• _What you need to do_
Begin at the line that contains "caregiver monitoring elderly" and repeat every line from there to the end of the records below, inclusive, without adding any other line.

◇ ◇ ◇ ◇

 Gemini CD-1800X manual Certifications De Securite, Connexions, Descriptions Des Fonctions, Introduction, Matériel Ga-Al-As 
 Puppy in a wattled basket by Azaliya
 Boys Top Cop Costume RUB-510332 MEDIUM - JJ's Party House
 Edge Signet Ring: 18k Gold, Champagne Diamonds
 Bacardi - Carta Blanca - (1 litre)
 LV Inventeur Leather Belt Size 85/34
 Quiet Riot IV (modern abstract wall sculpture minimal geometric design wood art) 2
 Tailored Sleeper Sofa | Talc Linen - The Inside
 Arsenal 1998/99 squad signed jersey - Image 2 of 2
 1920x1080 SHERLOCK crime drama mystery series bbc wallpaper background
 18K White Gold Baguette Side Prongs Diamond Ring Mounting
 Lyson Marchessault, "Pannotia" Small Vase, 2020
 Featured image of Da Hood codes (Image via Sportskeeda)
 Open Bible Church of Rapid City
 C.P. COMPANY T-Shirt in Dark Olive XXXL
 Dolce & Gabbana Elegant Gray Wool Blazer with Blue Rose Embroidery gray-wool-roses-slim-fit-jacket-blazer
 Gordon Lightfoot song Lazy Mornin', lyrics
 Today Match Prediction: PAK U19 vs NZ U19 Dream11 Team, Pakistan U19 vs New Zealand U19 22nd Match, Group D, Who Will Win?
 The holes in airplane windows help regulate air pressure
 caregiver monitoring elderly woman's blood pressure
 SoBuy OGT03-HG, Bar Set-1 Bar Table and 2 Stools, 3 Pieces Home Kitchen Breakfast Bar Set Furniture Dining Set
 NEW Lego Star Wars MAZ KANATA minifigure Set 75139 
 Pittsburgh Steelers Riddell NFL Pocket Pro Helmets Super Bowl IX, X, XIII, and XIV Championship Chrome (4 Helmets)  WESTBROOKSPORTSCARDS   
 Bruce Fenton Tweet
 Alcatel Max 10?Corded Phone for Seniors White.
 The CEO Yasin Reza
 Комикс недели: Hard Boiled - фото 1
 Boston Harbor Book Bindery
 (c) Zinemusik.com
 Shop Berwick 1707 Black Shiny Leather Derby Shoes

◇ ◇ ◇ ◇

• _Exercise response_
 caregiver monitoring elderly woman's blood pressure
 SoBuy OGT03-HG, Bar Set-1 Bar Table and 2 Stools, 3 Pieces Home Kitchen Breakfast Bar Set Furniture Dining Set
 NEW Lego Star Wars MAZ KANATA minifigure Set 75139 
 Pittsburgh Steelers Riddell NFL Pocket Pro Helmets Super Bowl IX, X, XIII, and XIV Championship Chrome (4 Helmets)  WESTBROOKSPORTSCARDS   
 Bruce Fenton Tweet
 Alcatel Max 10?Corded Phone for Seniors White.
 The CEO Yasin Reza
 Комикс недели: Hard Boiled - фото 1
 Boston Harbor Book Bindery
 (c) Zinemusik.com
 Shop Berwick 1707 Black Shiny Leather Derby Shoes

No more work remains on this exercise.